Tackling the question head on, Cave replied: “The truth of the matter is that I didn’t give up on PJ Harvey, PJ Harvey gave up on me. There I am, sitting on the floor of my flat in Notting Hill, sun streaming through the window (maybe), feeling good, with a talented and beautiful young singer for a girlfriend, when the phone rings. I pick up the phone and it’s Polly.”
“Hi,” I say
“I want to break up with you.”
“Why?!” I ask.
“It’s just over,” she says.
“I was so surprised I almost dropped my syringe.”
The break-up—and heavy drug use—would go on to act as a major inspiration to the Bad Seeds’ tenth studio album The Boatman’s Call, a deeply moody and slow and sombre record.
Relying heavily on the piano and Cave’s lyrics, The Boatman’s Call included tracks such as ‘West Country Girl’, ‘Black Hair’ and ‘Green Eyes’ all of which are speculated to be direct references to PJ Harvey. “Deep down I suspected that drugs might have been a problem between us, but there were other things too,” Cave added in reference to this time in his life. “I still had a certain amount of work to do on my understanding of the concept of monogamy, and Polly had her own issues, I suspect, but I think at the end of the day it came down to the fact that we were both fiercely creative people, each too self-absorbed to ever be able to inhabit the same space in any truly meaningful way. We were like two lost matching suitcases, on a carousel going nowhere.”
Cave continued: “Songwriting completely consumed me at that time. It was not what I did, but what I was. It was the very essence of me. Polly’s commitment to her own work was probably as narcissistic and egomaniacal as my own, although I was so deep into my own shit that I can’t really comment on this with any certainty. I remember our time together with great fondness though, they were happy days, and the phone call hurt; but never one to waste a good crisis, I set about completing The Boatman’s Call.“
While many of fans had speculated that the album was in part inspired by his break up with Harvey, Cave hasn’t addressed the topic in full in the years that followed its release. “The Boatman’s Call cured me of Polly Harvey,” he admitted in his response. “It also changed the way I made music. The record was an artistic rupture in itself, to which I owe a great debt. It was the compensatory largesse for a broken heart, or at least what I thought at the time was a broken heart – in recent years I have re-evaluated that term.

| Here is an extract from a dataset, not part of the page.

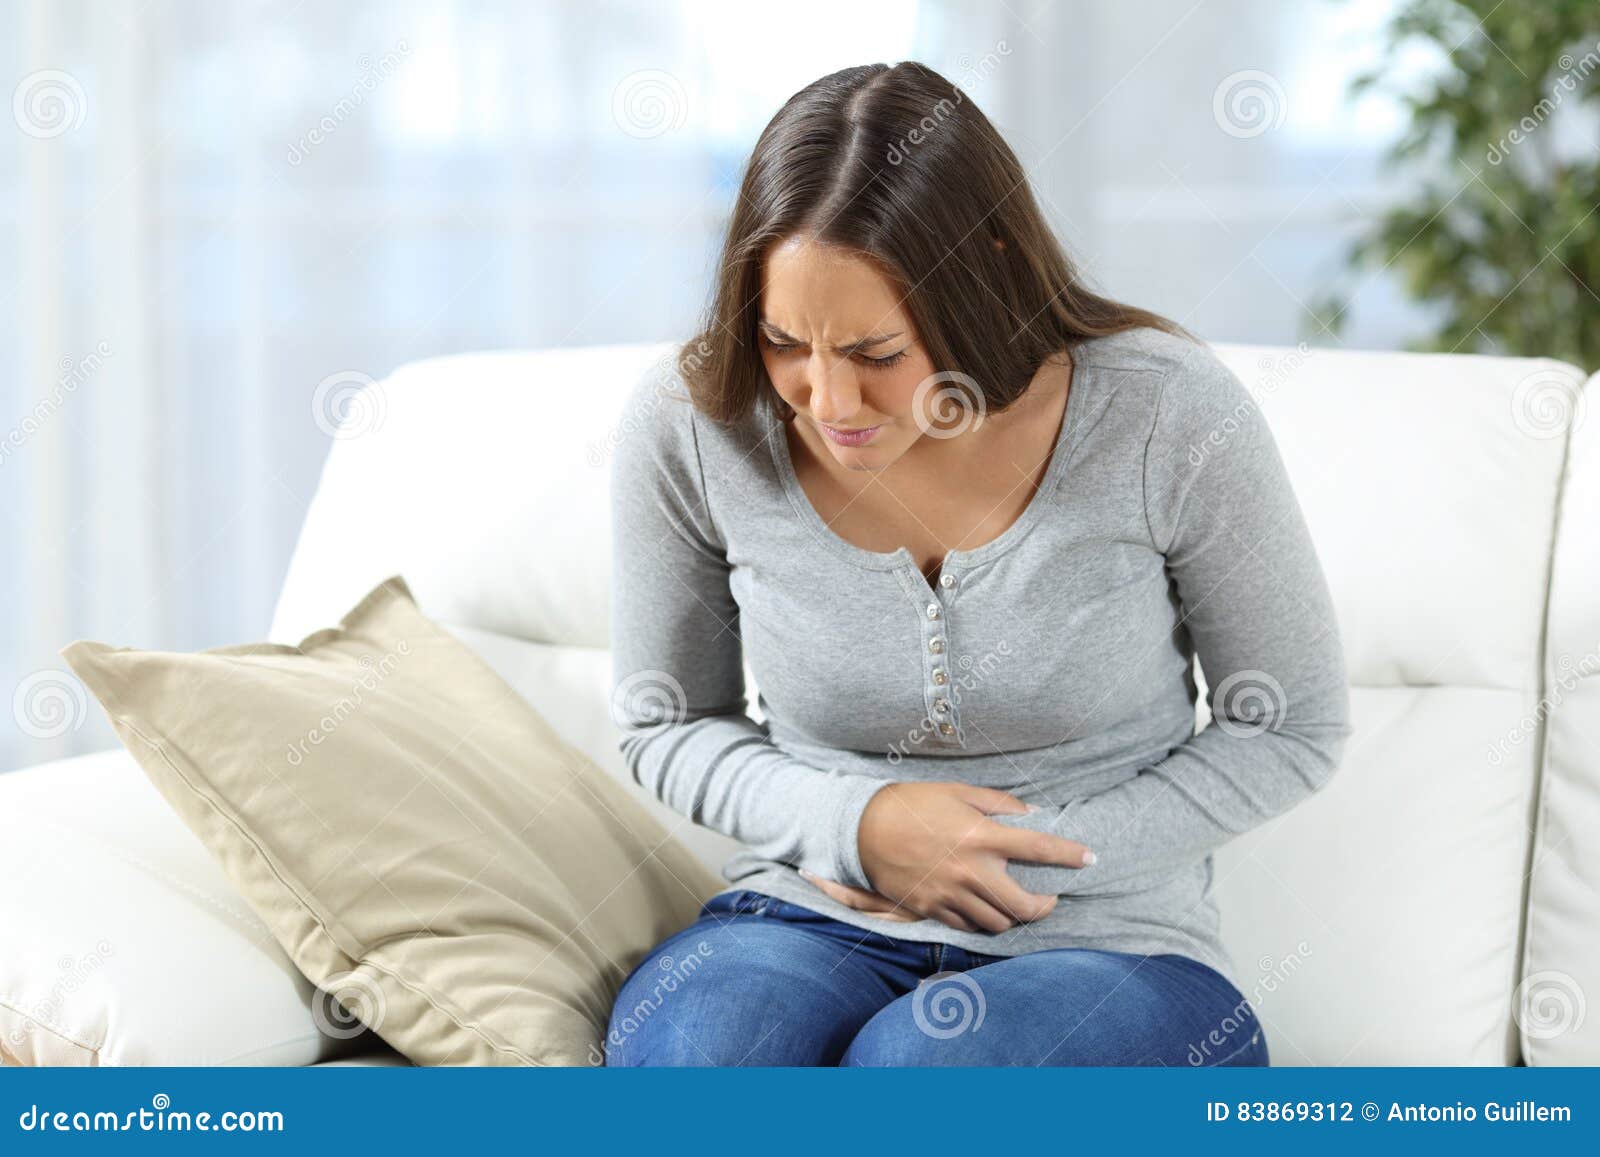 woman suffering stomach ache

“The break up filled me with a lunatic energy that gave me the courage to write songs about commonplace human experiences (like broken hearts) openly, boldly and with meaning – a kind of writing that I had, until that date, steered clear of, feeling a need to instead conceal my personal experiences in character-driven stories. It was a growth spurt that pushed me in a direction and style of songwriting that has remained with me ever since – albeit in different guises.”
He concluded: “It also pointed a way to a more poignant, raw, stripped back way of performance – the suspended and barely supported vocal. The Bad Seeds, to their eternal credit, stepped back and just let these piano-driven songs be. There are few bands on earth that understand that to not play, can be as important as its opposite.”